Cuando digo Modernidad, digo también burguesía. Si para los romanos el artista no rebasaba el estatus de mero artesano por ser un hombre que vivía de trabajar con sus manos, para la burguesía —y por la misma razón— el artesano vuelve a ser un esclavo. En ese sentido, el título del más reciente poemario de Arístides Vega Chapú El discreto encanto de los oficios (Editorial Voces de Hoy, Miami, 2013) no se reduce a un simple juego verbal con el título de la película de Luis Buñuel El discreto encanto de la burguesía, sino que evidencia una intención de mayor alcance. El matiz irónico del rótulo fílmico pasa a un carácter dignificador en el rótulo poético; lo discreto retoma su sentido de humildad a la vez que de grandeza reales.

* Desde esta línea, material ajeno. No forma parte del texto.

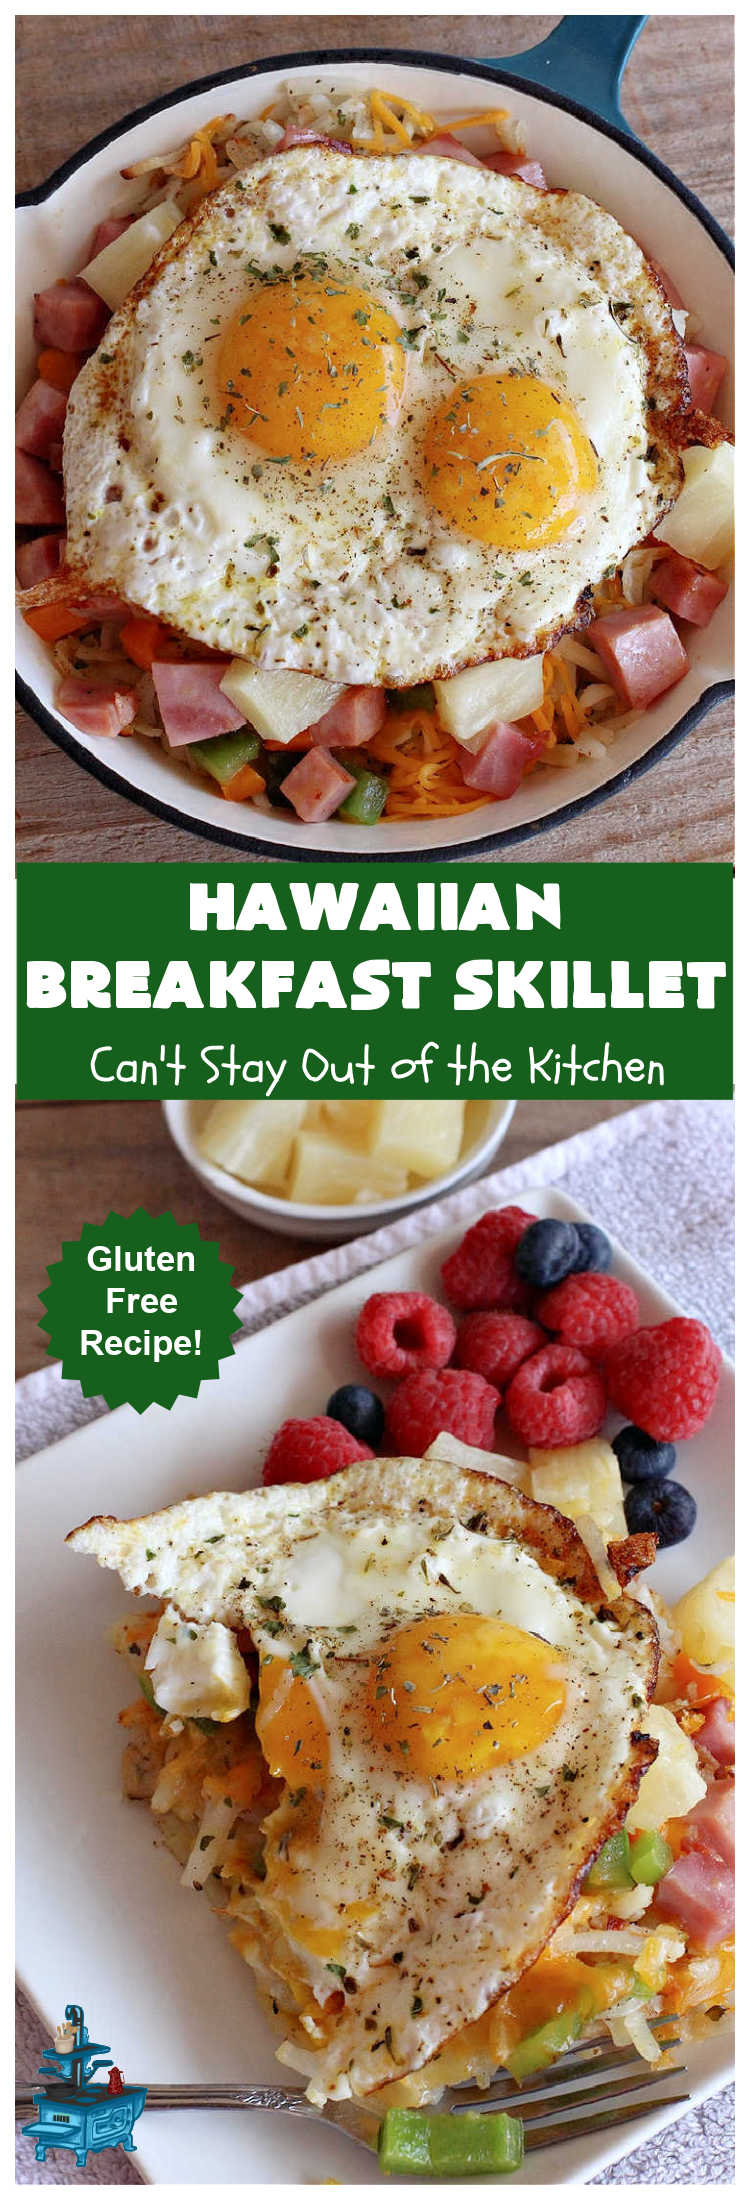 Hawaiian Breakfast Skillet | Can't Stay Out of the Kitchen

En una página memorable como “La conversación con el carpintero”, Eliseo Diego asume una posición que, en cierto modo, sigue Vega Chapú; posición a medio camino entre el poeta como un artesano de la palabra y el poeta como un burgués del espíritu. Nos dice el autor de En la Calzada de Jesús del Monte: “otra conversación secreta va / tramándose a su modo entre los dos, / el Carpintero tú, y yo el Escriba, / viejos oficios respetables, / maneras de vivir / y de morir / que ciertamente han visto / más de un amanecer, más de un crepúsculo”.1 No por azar entonces Arístides ha situado como primer poema “El albañil”, texto que marca una pauta ética en el posterior desarrollo del libro:

Dejo que arme esta casa, pieza tras pieza,
sobre el cimiento de mis hombros.
Abro la puerta, la puerta recién colocada
en medio del polvo, en medio de mí,
para que los días penetren en una casa a medio hacer.
Dejo que coloque ladrillo tras ladrillo,
aparente simetría que me obliga a permanecer
con las manos a las espaldas,
los ojos bien cerrados para alejar los ruidos
y quedar a solas con mis ancestros.2

Tanto el Escriba y el Carpintero como el Poeta y el Albañil se igualan al tiempo que se enaltecen. Alguien que escribe es alguien que construye. El poder edificar una obra sobre nuestros hombros se logra al estar nosotros levantados sobre nuestros mayores. La escritura como tradición, como legado; idea que nos recuerda otra vez la herencia del oficio en los hombres medievales.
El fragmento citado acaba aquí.